• _What you are asked to do_:
Print the entire listing below word for word, excluding its pictures.

• _Dataset excerpt_:
>>>

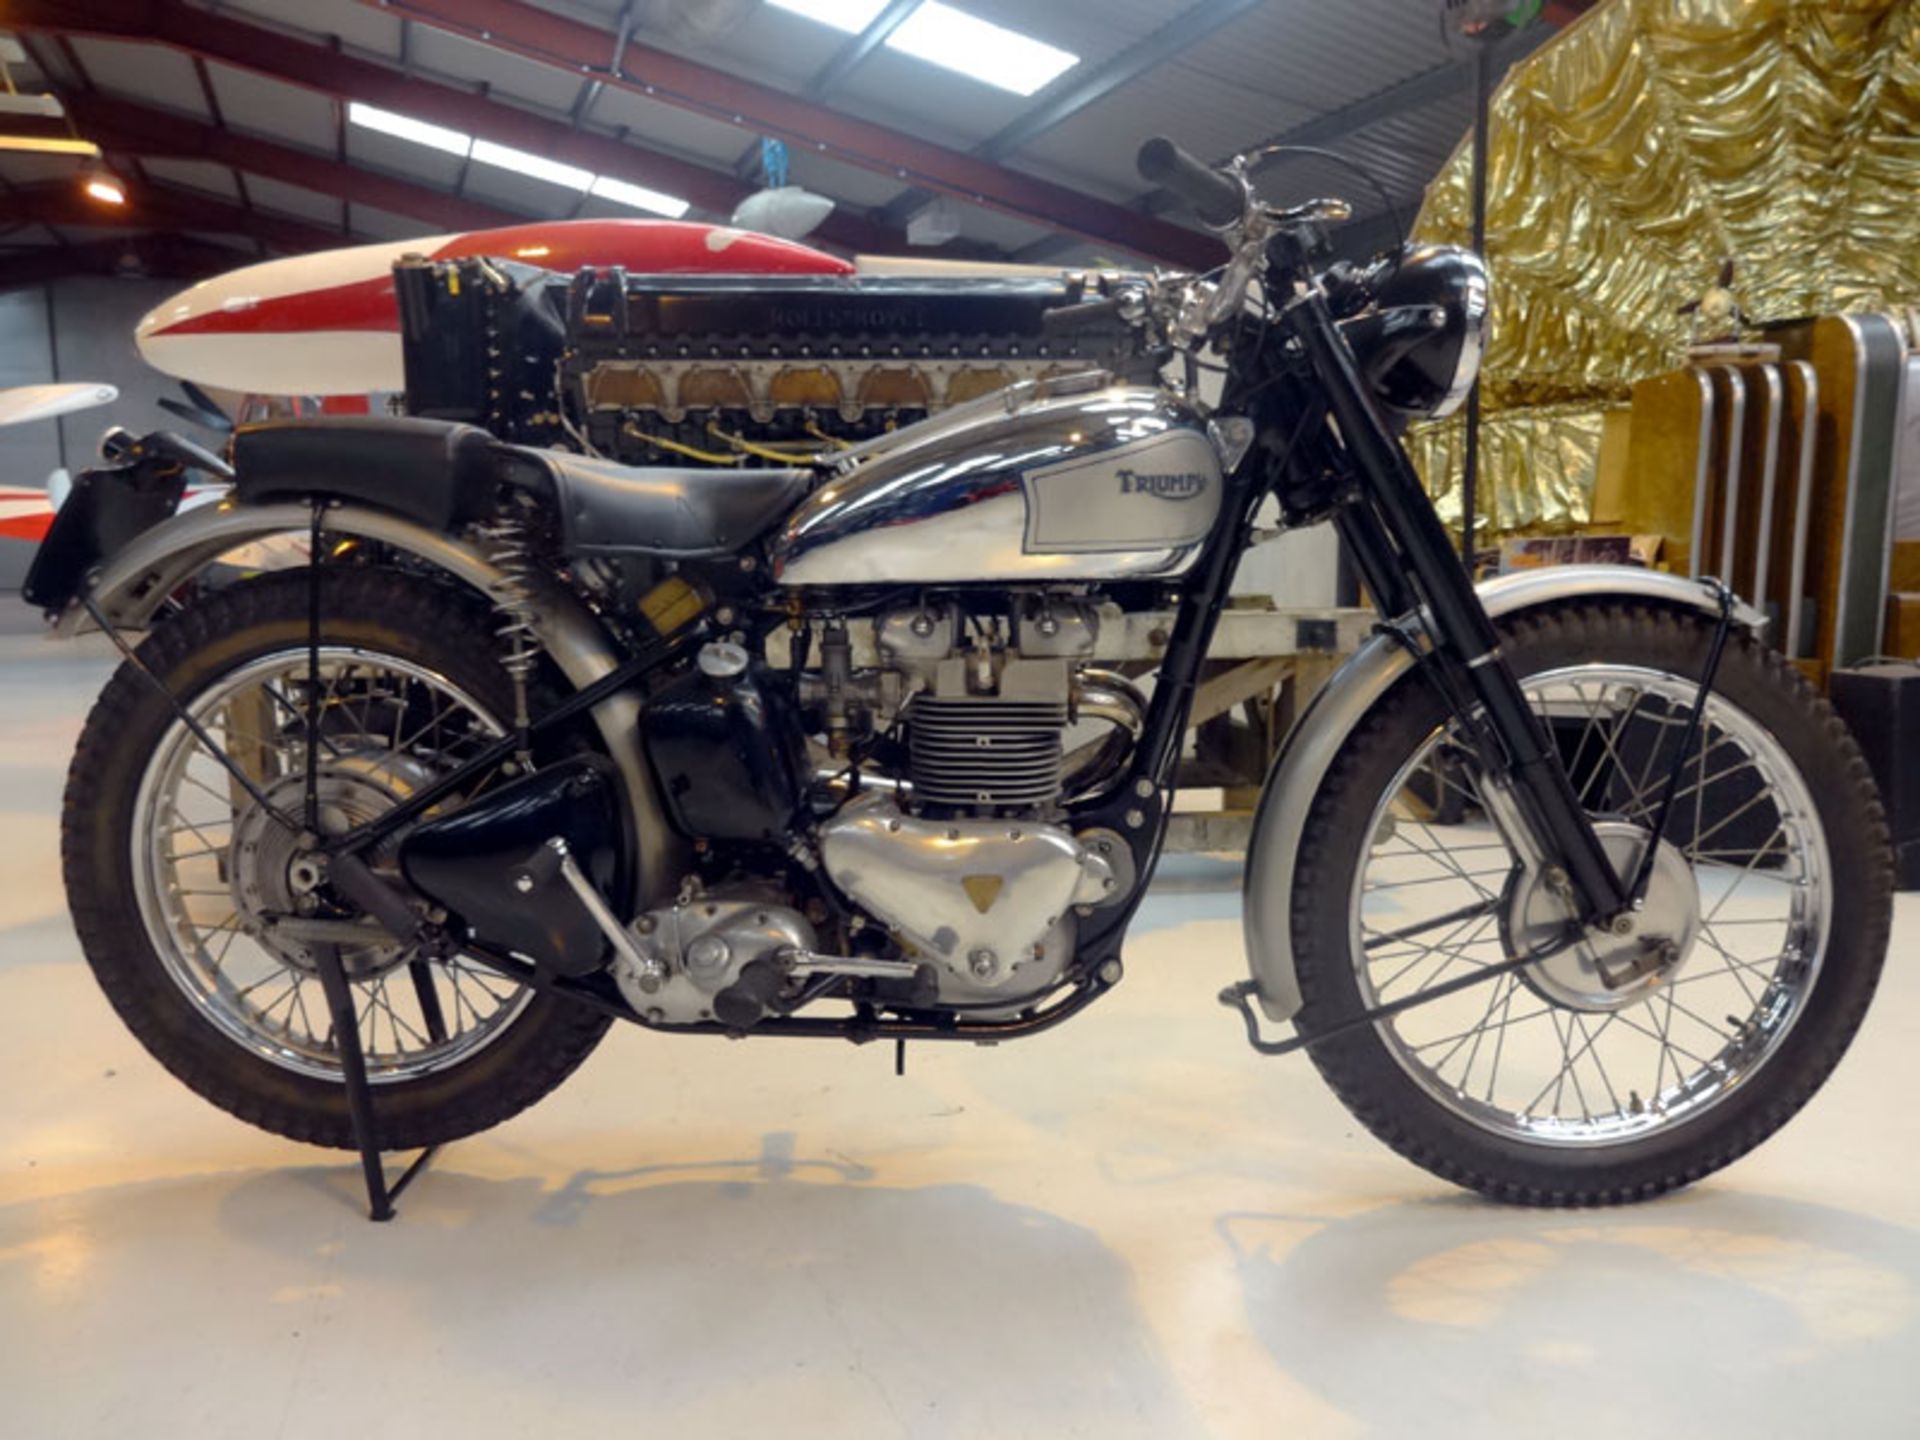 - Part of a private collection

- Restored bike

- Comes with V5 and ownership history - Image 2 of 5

<<<

• _Your response_:
 - Part of a private collection

- Restored bike

- Comes with V5 and ownership history - Image 2 of 5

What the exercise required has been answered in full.